Wall Street analyst Michael Nathanson, who maintains a “buy” rating on Disney shares, wrote a note to clients Thursday to express support for Peltz’s intervention, though he hopes Iger will be allowed to execute his plans.

“While we think Trian is correct to identify these issues, we believe that given the change in leadership, the company will quickly move to drive better profitability,” he wrote.

“In our view, Disney’s underperformance relative to the S&P 500 is a combination of macro concerns (like slowing consumer spending and advertising slowdowns), pandemic fallout from park closures, post-pandemic structural headwinds like accelerated cord-cutting and lower box office attendance. The few self-inflicted moves also include the acquisition of 21st Century Fox, increasing the Disney+ TAM [total available market] in late 2020 (which forced the company to spend more on broader content offerings), and the decision to continue stepping up for cricket rights in India and nonprimary sports at ESPN.”

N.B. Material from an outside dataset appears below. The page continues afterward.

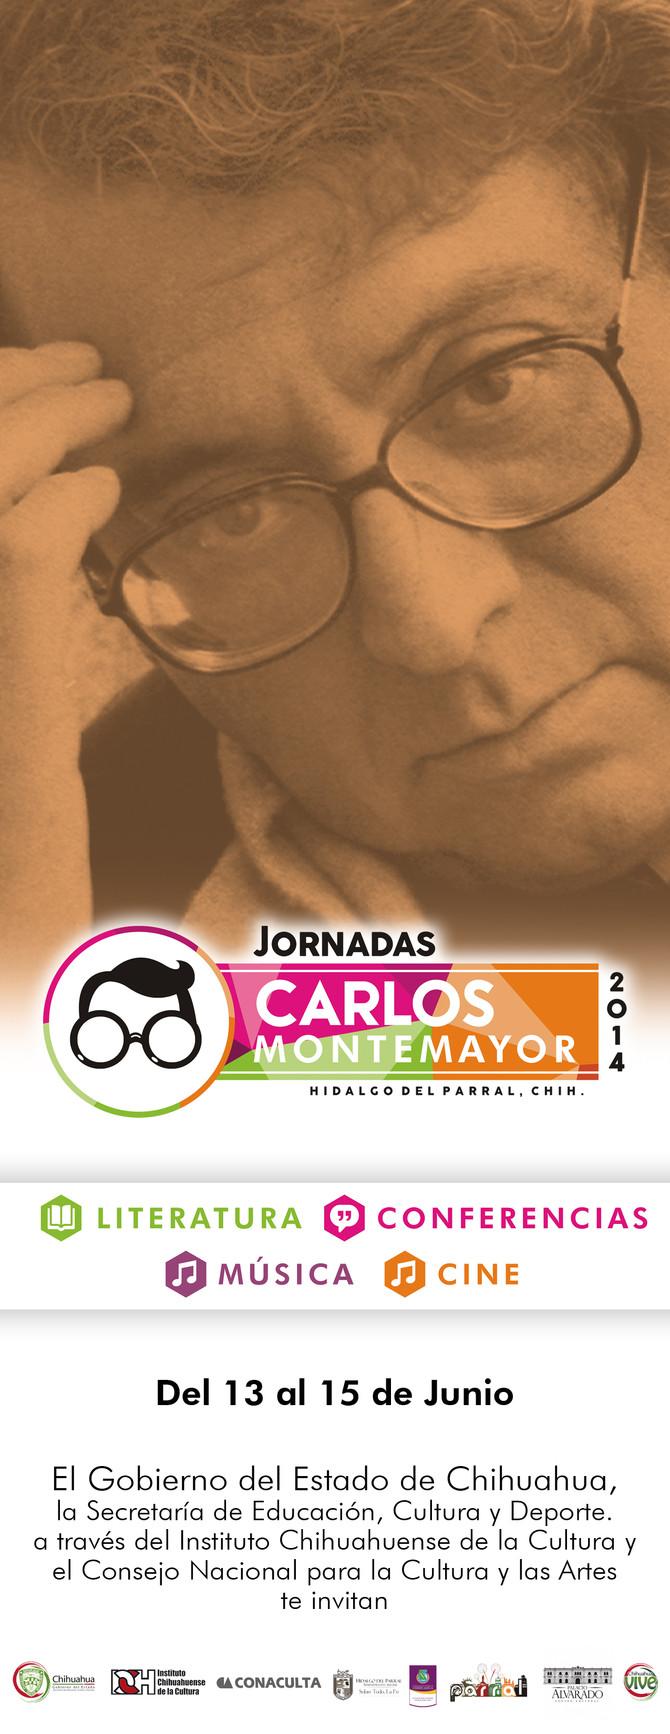 Jornadas Carlos Montemayor 2014

Nathanson pronounced himself “optimistic” overall that Iger will make “the difficult decisions that are consistent with Trian’s objectives.” Disney’s profitability over the long term, then, “will be higher now than under prior leadership.”

Disney hasn’t faced such shareholder dissent since the early aughts. Former Walt Disney directors Roy E. Disney and Stanley Gold raised hell at the 2004 annual meeting in a bitter fight to oust then-CEO Michael Eisner. Shareholders at that meeting delivered a shocking 45% no-confidence vote against Eisner, who was stripped of the chairman’s title. Disney and Gold also threatened a proxy fight to seat an opposition slate of directors at the next annual meeting but backed down. Iger, an ABC and Disney lifer, eventually emerged from the tumult to become the company’s CEO.